The subject of the EU is traditionally one of the most controversial in British politics, and so it proves again as the Conservatives have sneakily dropped their much-hyped promise to offer a referendum on the Lisbon Treaty.
Well, that's not quite fair because they haven't, at least they are trying to avoid talking about their position on the subject as they try to hoover up anti-EU votes under pressure from right-wingers in Ukip.
For my own part I think this highlights the not inconsiderable hypocrisy on their party and their major internal divisions on the subject.
Many tory-voting business leaders trade heavily with the continent and recognise the value of having a democratic forum to regulate relations with our partners and neighbours, but they also depend heavily on cultivating a UK-first attitude within their base.
Now I'm a Euro-realist. I love the place in all it's diversity and I think we benefit hugely from integration, despite the massive frustrations caused by the imperfections inherent in creating a system of politics which stretches across half-a-billion people with separate competitive histories.
But the simple fact remains that the institutions of the EU are the product of peaceful relations founded after centuries of rivalry, war and oppression by people on all sides. Having a functioning union is what prevents us from returning to those darker days.
It is the same with every country: unity brings peace, disunity brings war.

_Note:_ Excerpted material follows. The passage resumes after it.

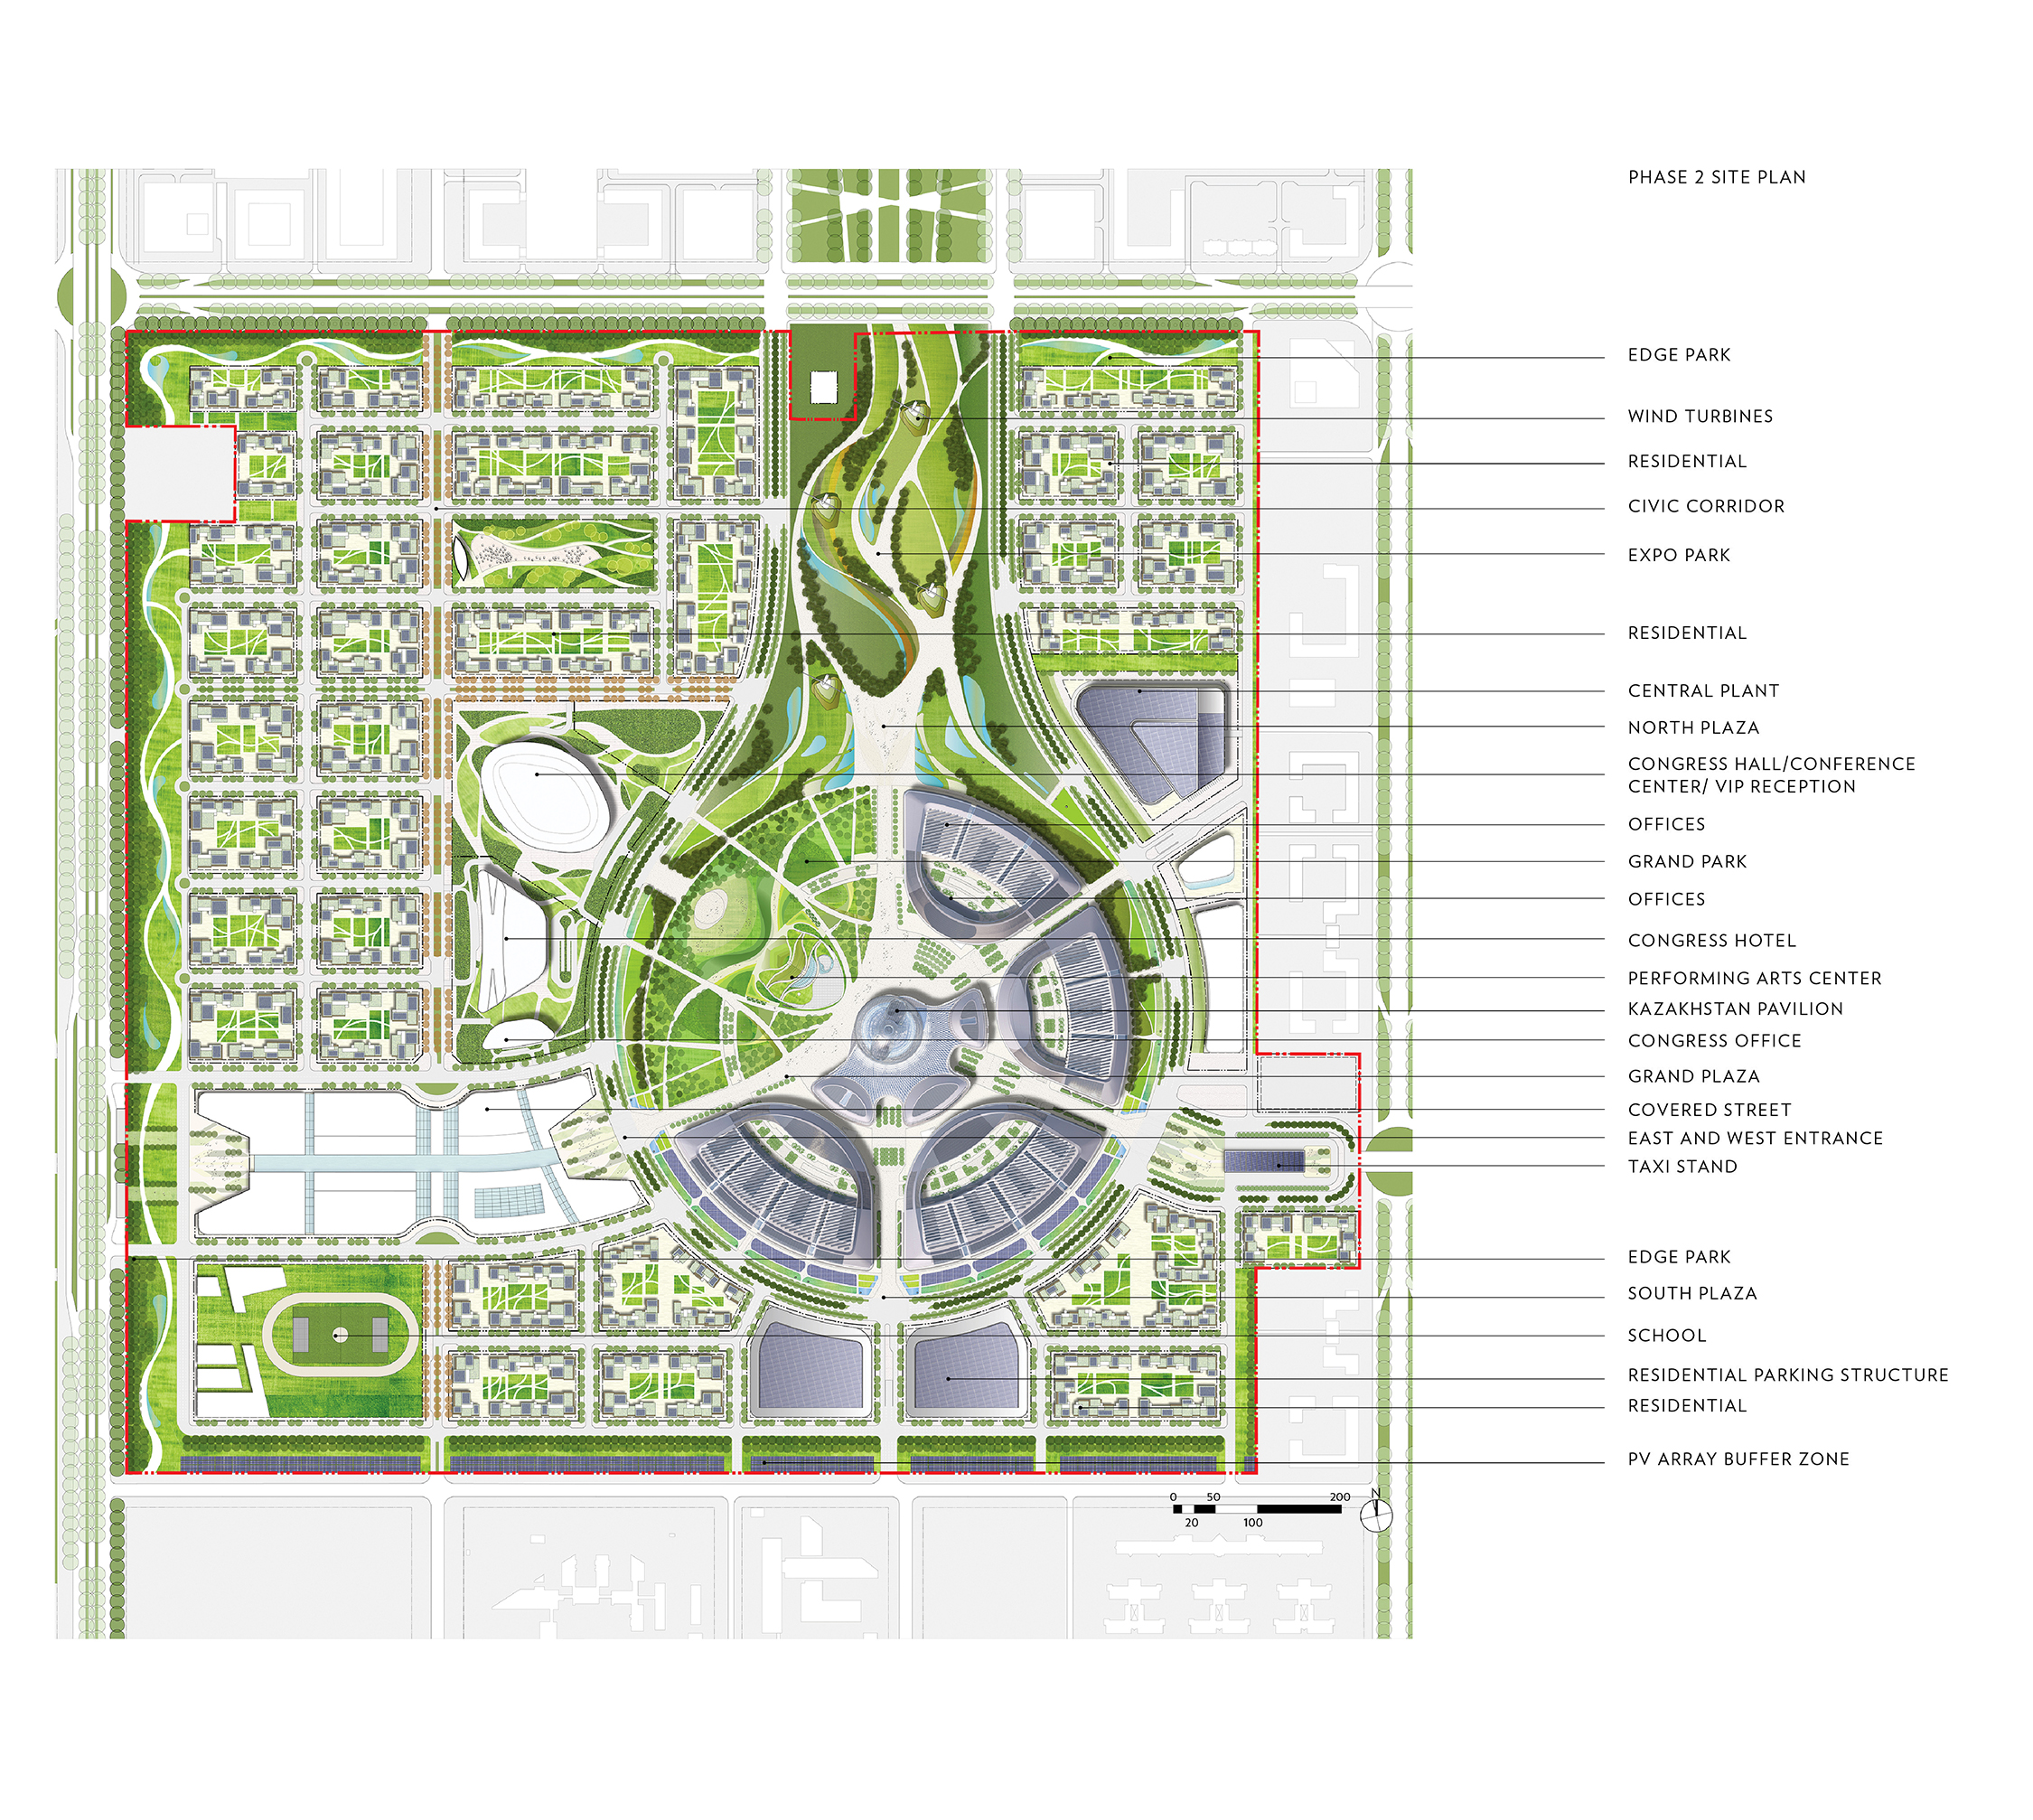 Phase 2 site plan-adjusted

And all stable countries are to greater or lesser extents popular unions. The United States of America and Mexico, the Bunds of Germany and Austria, the union of France and the united provinces of the Netherlands. In the cases of former British colonies such as Canada, South Africa, Australia and India they have federal syatems of government, while even in places such as Scandinavia a sense of common heritage and unity is retained despite their division into separate monarchies. The Russian Confederation is another peculiar example.
So ultimately the Conservatives have conceded to the inevitable - their policy was unsustainable and they are fighting the tide of history, even while trying to surf on the appearance of a wave of popular opinion.
Making a big song and dance about the individual niggles is not the way to express a coherent political philosophy, and it is not the correct manner to address business.
So while I'm happy the tories have given an indication that they are waking up to reality I'm more convinced than ever that their sickly appeal to conventional orthodoxy is not the attitude Ii demand of leadership.
One thing I am sure of - when we say it is each man for himself, women and children get trampled on.